Segment Start: Provided records
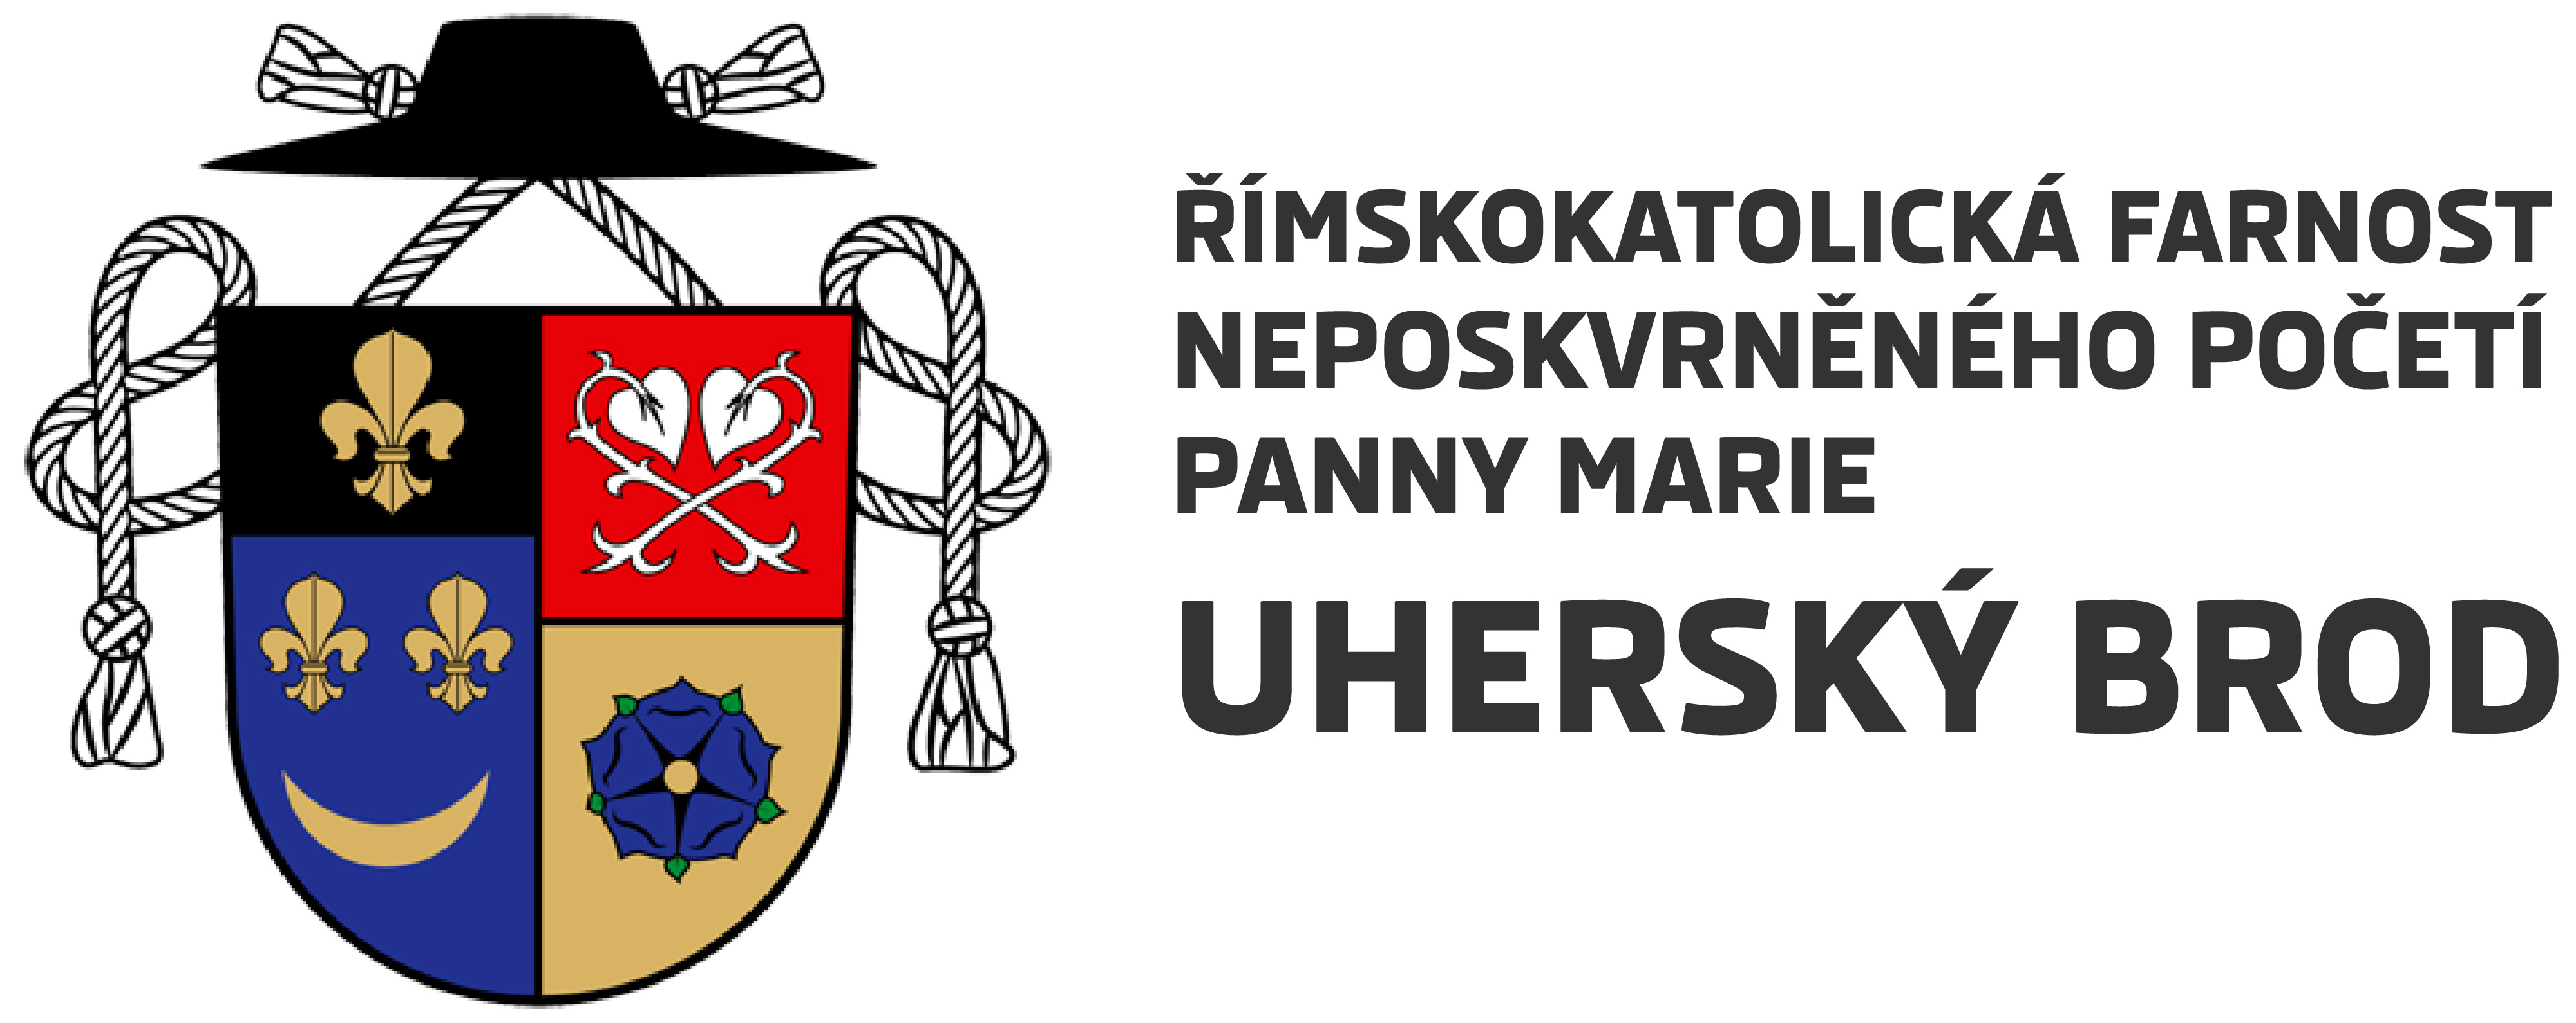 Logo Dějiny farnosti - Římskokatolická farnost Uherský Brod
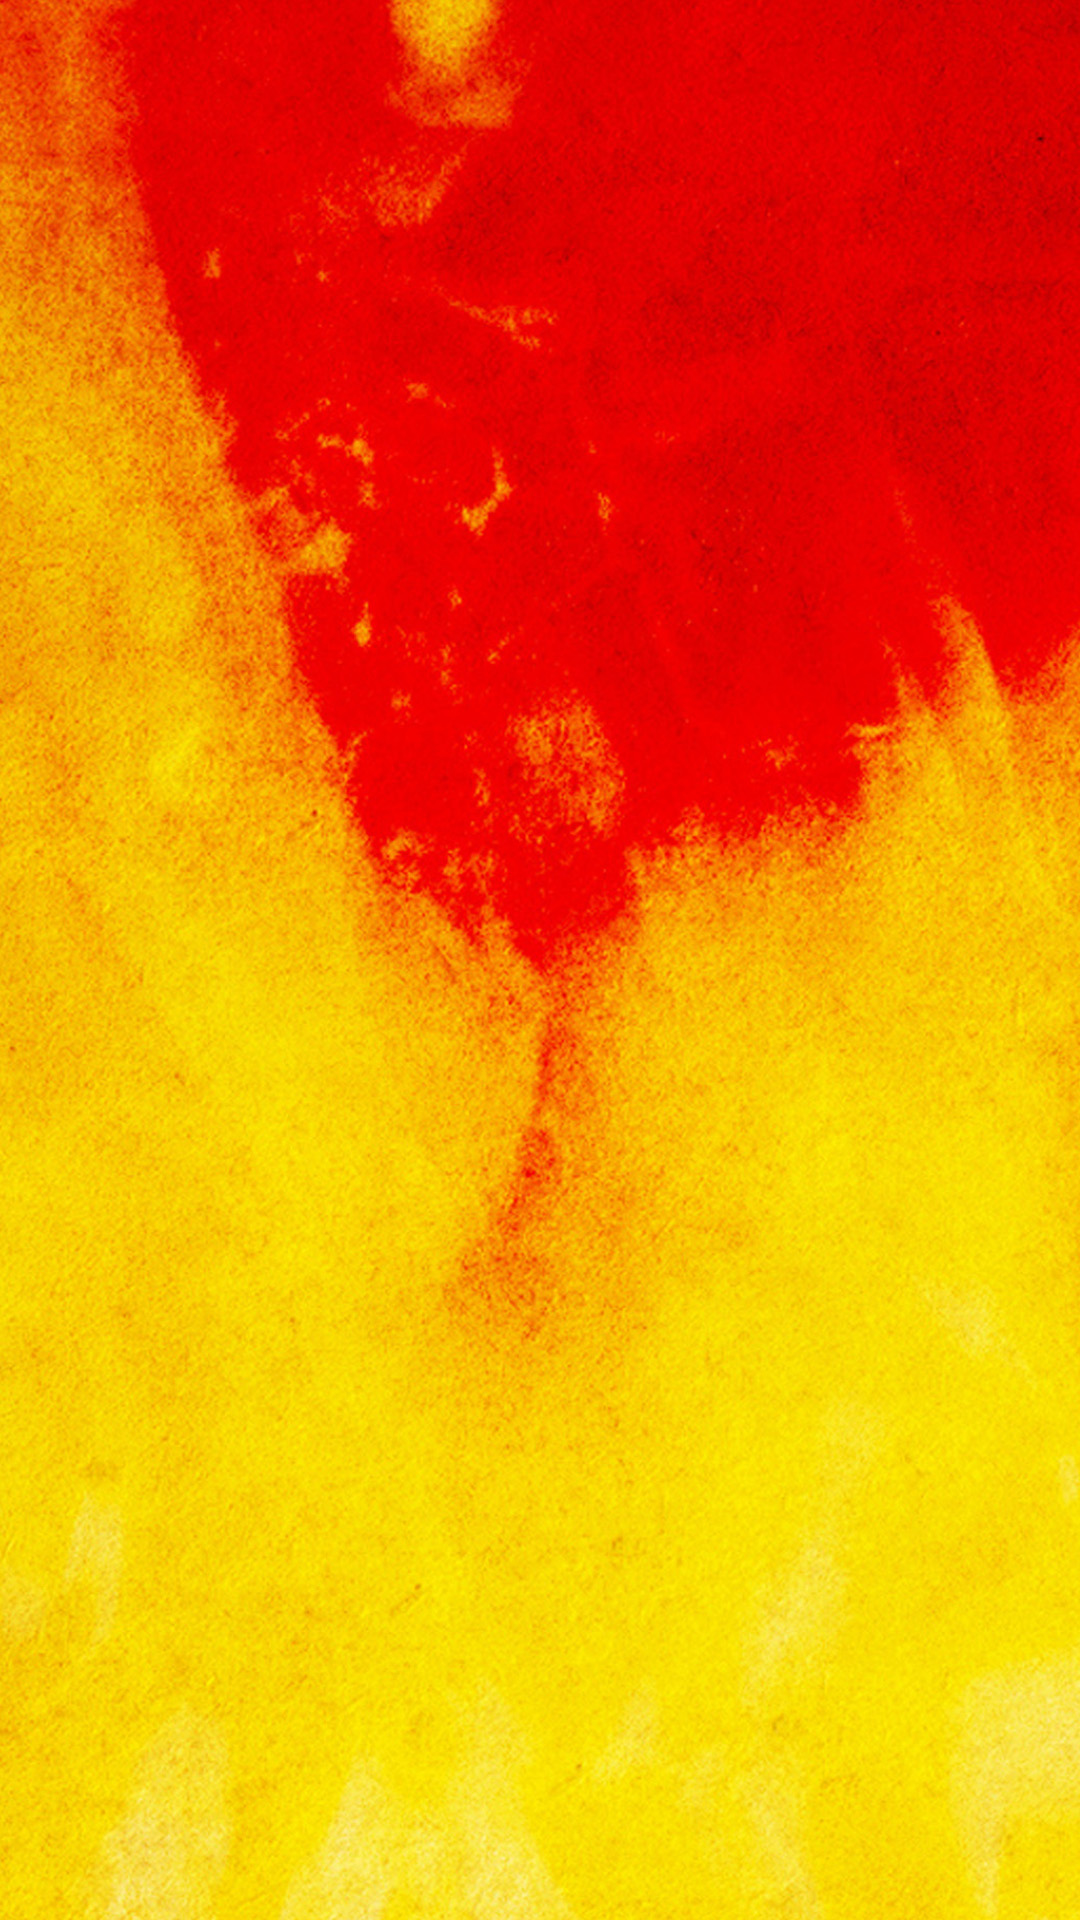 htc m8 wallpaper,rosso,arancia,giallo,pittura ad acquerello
Segment End: Provided records
Segment Start: Provided records
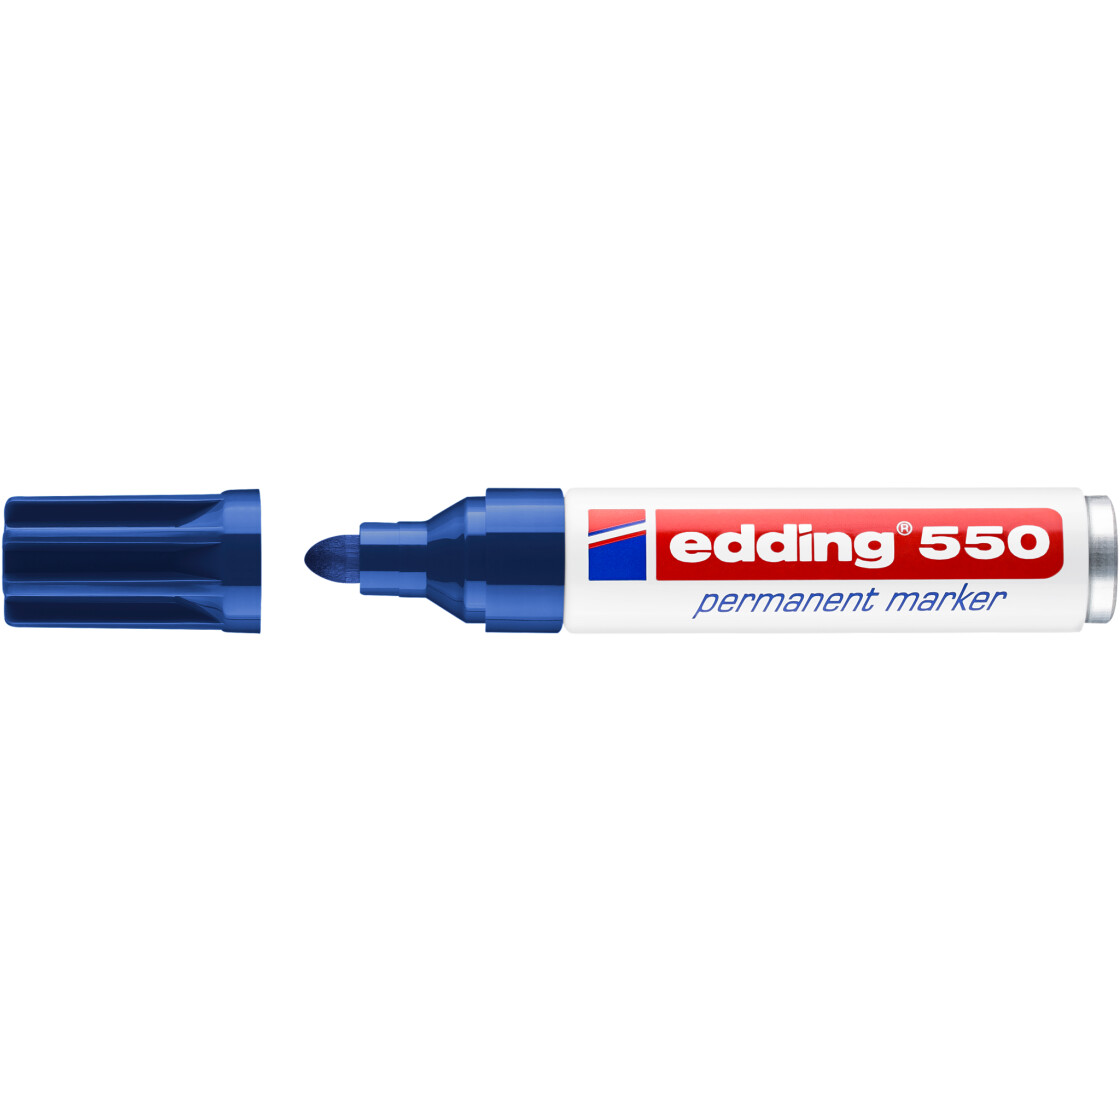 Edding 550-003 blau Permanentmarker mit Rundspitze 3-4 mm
Segment End: Provided records
Segment Start: Provided records
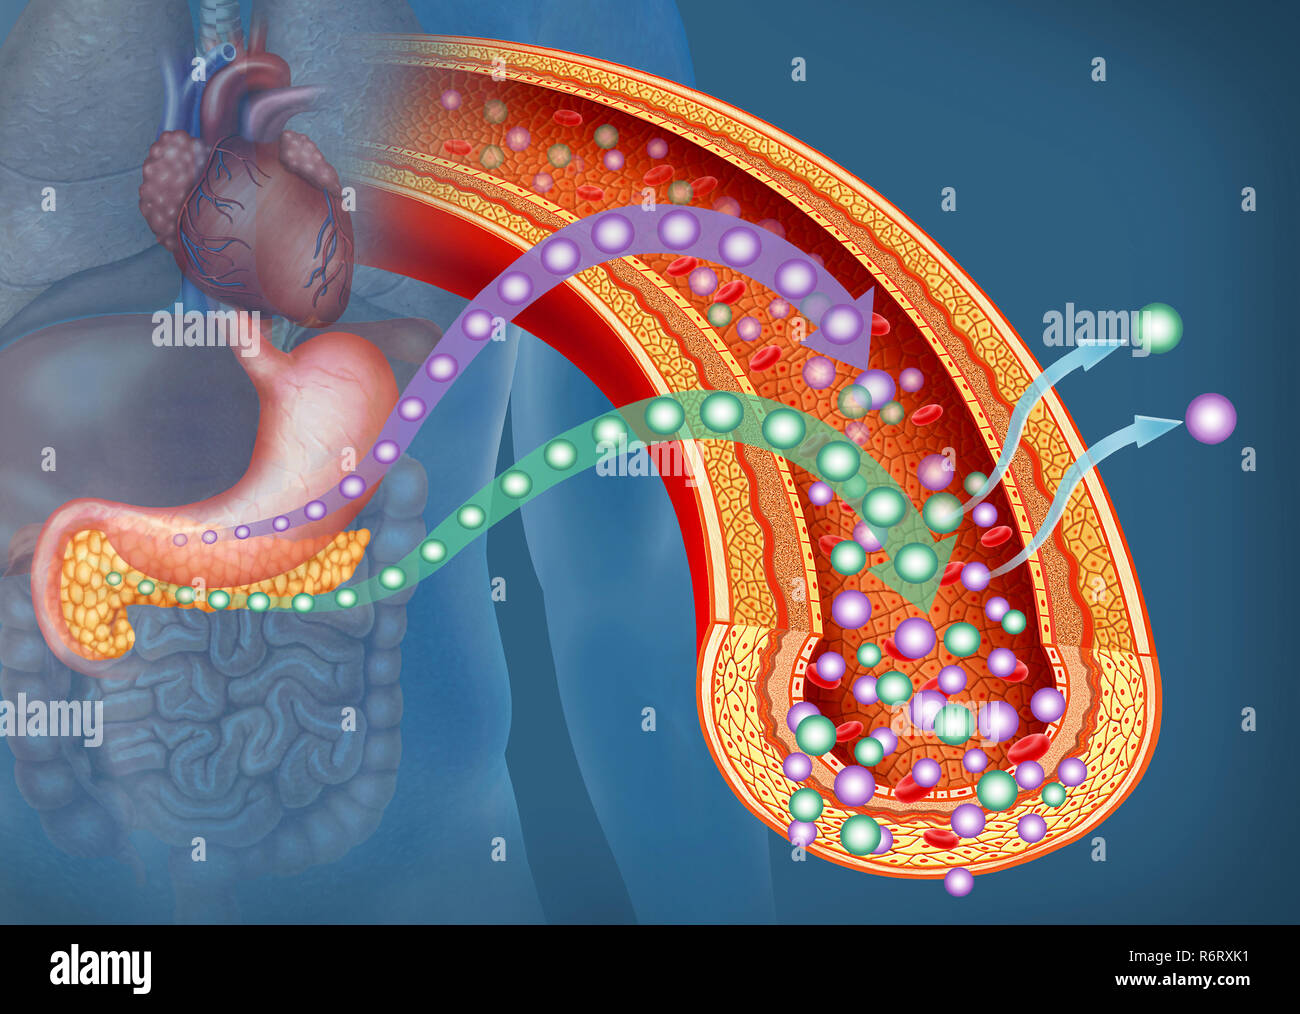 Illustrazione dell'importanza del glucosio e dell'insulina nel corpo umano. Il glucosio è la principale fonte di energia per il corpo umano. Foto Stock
Segment End: Provided records
* **Activity**
In the listing above, find the line with "Logo Dějiny farnosti" and the line with "htc m8 wallpaper,rosso,arancia,giallo,pittura". Transcribe those two and everything between, exactly, leaving out pictures.

* **Task solution**
 Logo Dějiny farnosti - Římskokatolická farnost Uherský Brod
 htc m8 wallpaper,rosso,arancia,giallo,pittura ad acquerello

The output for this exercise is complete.